Machinae Supremacy chronology
| Phantom Shadow (2014) | Into the Night World (2016) | Machinae Supremacy (2026) |

= Into the Night World =

Into the Night World is the seventh album by the Swedish metal band Machinae Supremacy, which was released on 16 December 2016.

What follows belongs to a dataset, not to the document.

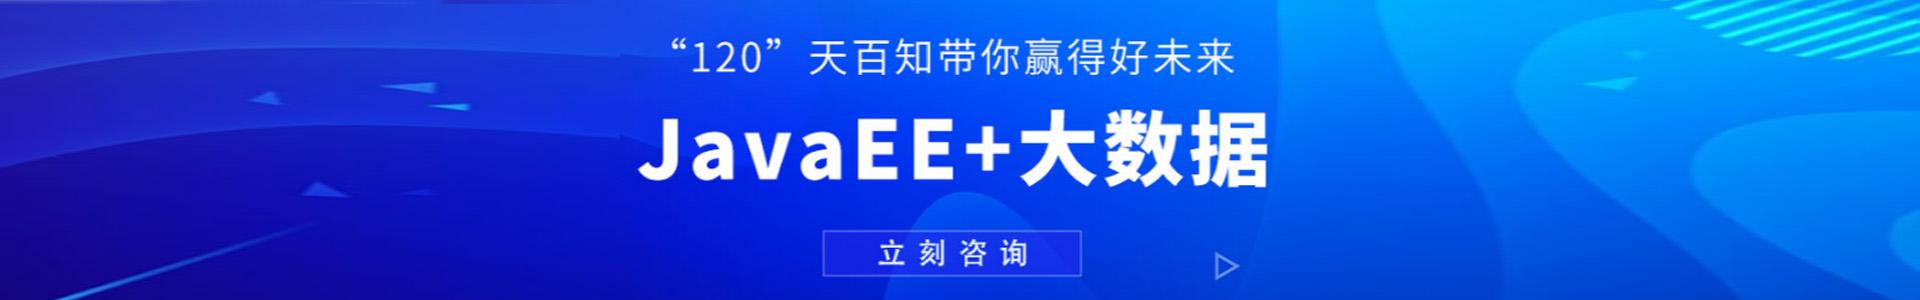 郑州百知IT教育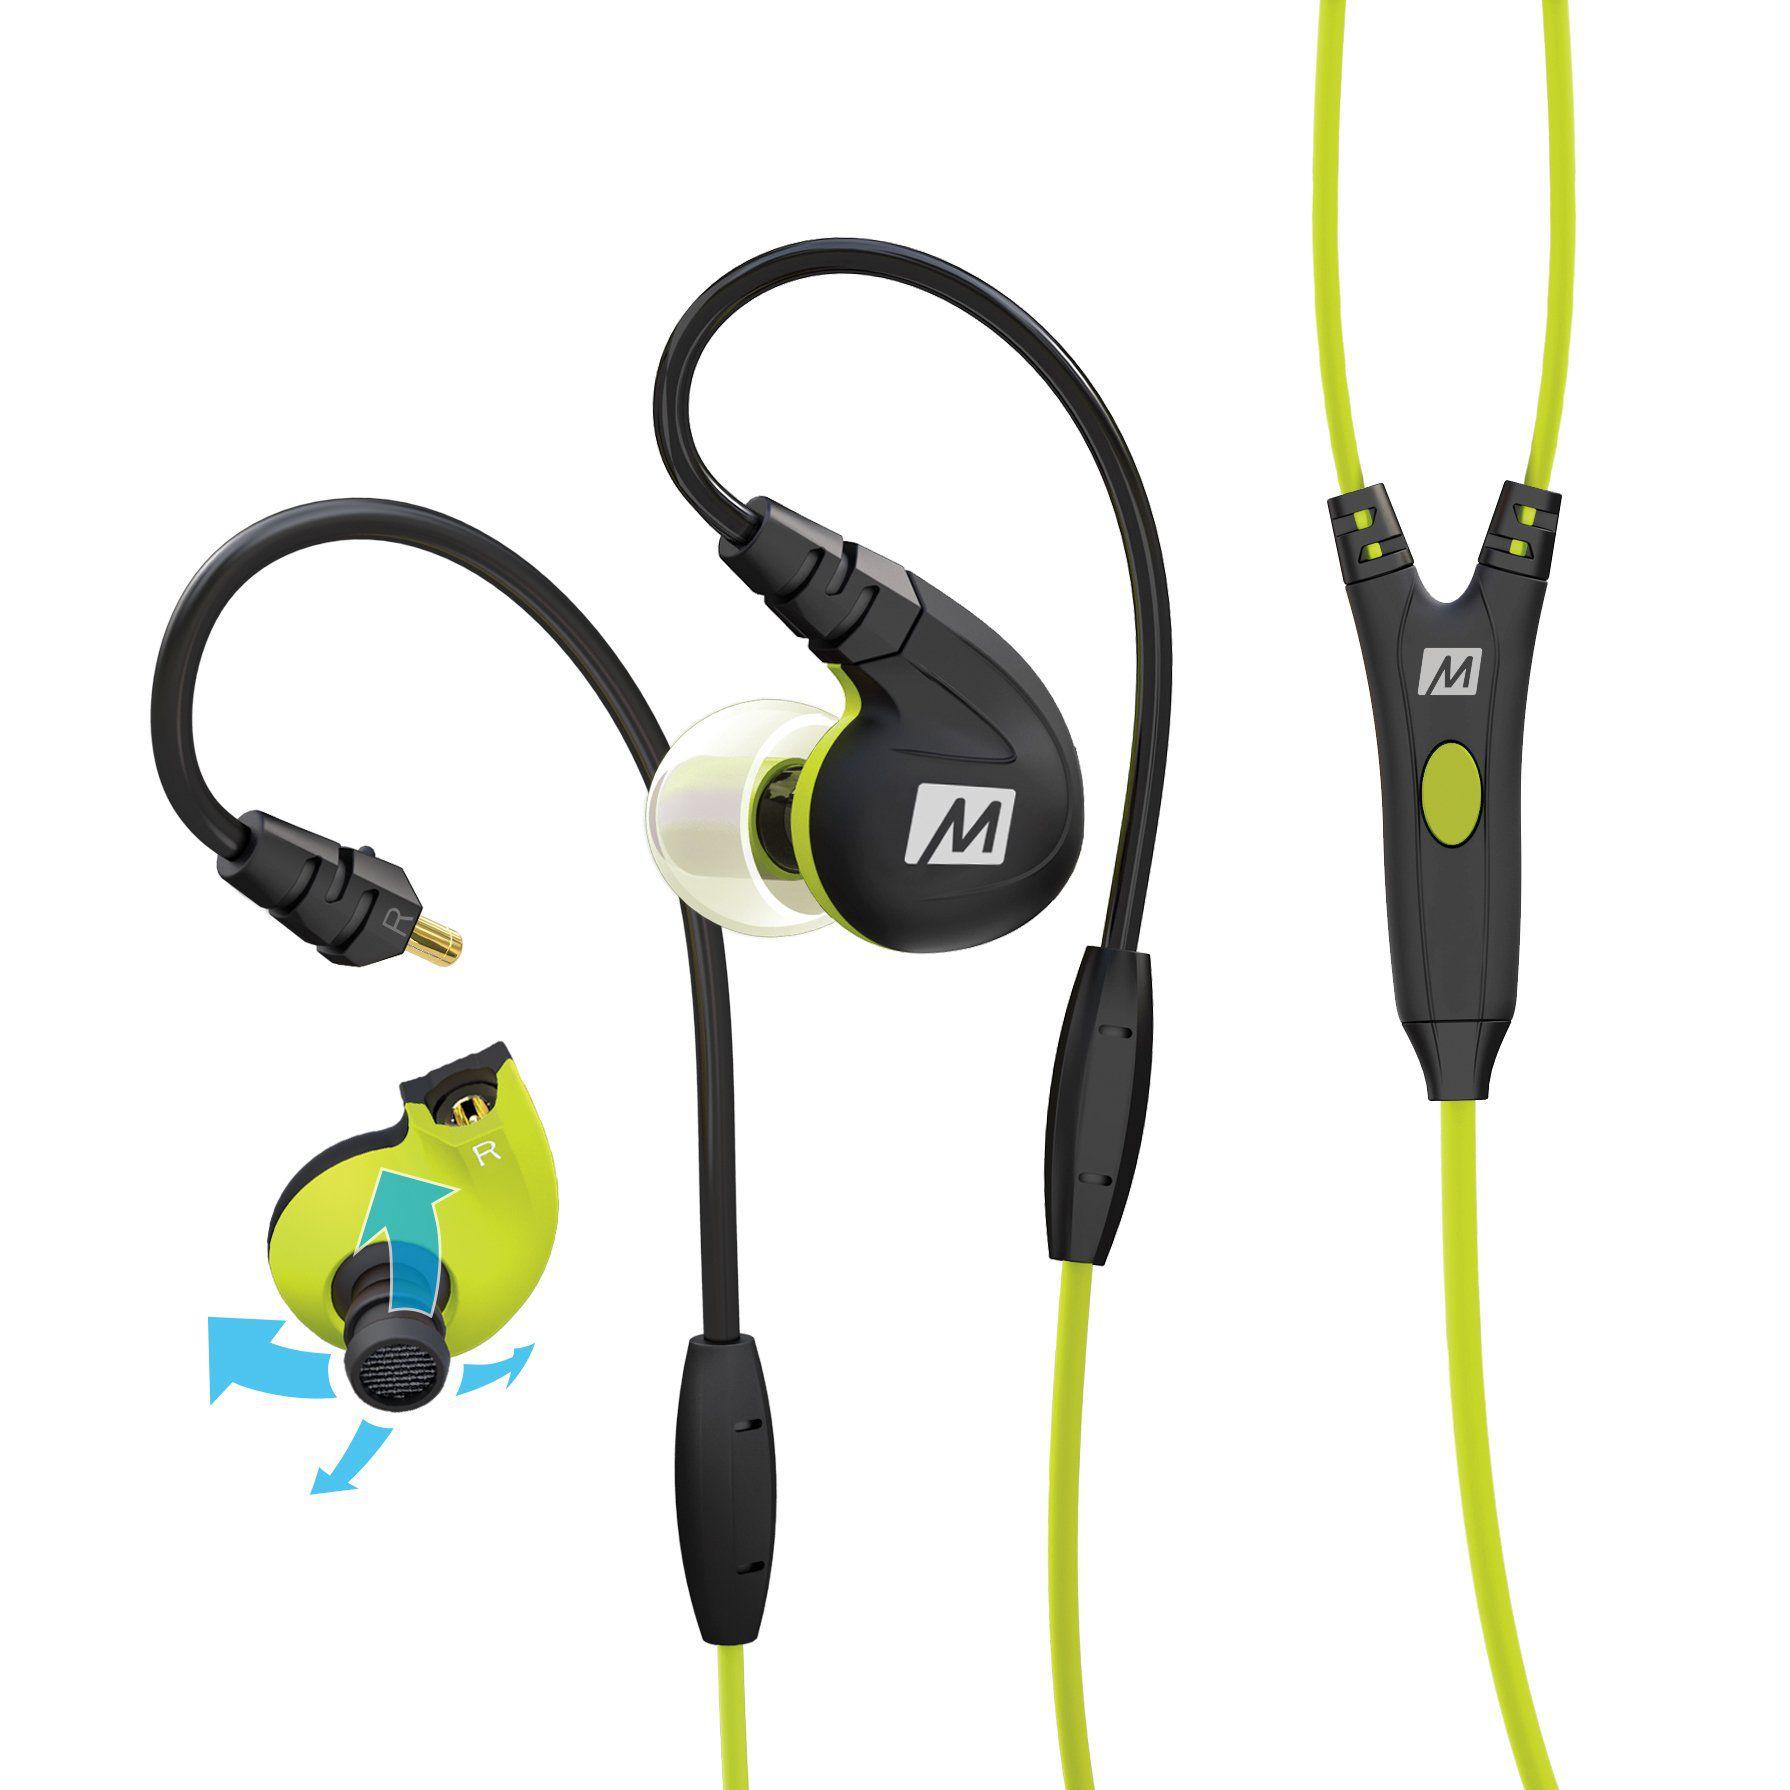 Fone de ouvido Mee Audio M7P Secure-Fit Sport Verde

The penultimate track "SID Metal Legacy" is a remix of a short instrumental song originally recorded for a YouTube video celebrating the band's 15-year anniversary. The last track, "The Last March of the Undead", is the fifth and final part of the "March of the Undead" series of songs that originally started back in Robert Stjärnström's former project, Masugn.

==Track listing==
1. "My Dragons Will Decimate" – 3:46
2. "Into the Night World" – 3:21
3. "Twe27ySeven" – 4:16
4. "Remember Me" – 5:40
5. "Space Boat" – 3:32
6. "Stars Had to Die So That You Could Live" – 3:32
7. "Beast Engine" – 4:50
8. "Dream Sequence" – 3:25
9. "SID Metal Legacy" (instrumental) – 2:38
10. "The Last March of the Undead" – 4:50

==Personnel==
- Robert Stjärnström – vocals
- Jonas Rörling – guitar, backing vocals
- Tomi Luoma – guitar
- Andreas Gerdin – bass, keyboards, backing vocals
- Niklas "Nicky" Karvonen – drums

===Additional personnel===
- Henkka Niemistö – mastering
- Ingeborg Ekeland – guest vocals
- Bjarte Sebastian Hansen, George Lever, Chris Cook – sound engineers
- Cover artwork created by Tithi Luadthong and edited by Robert Stjärnström.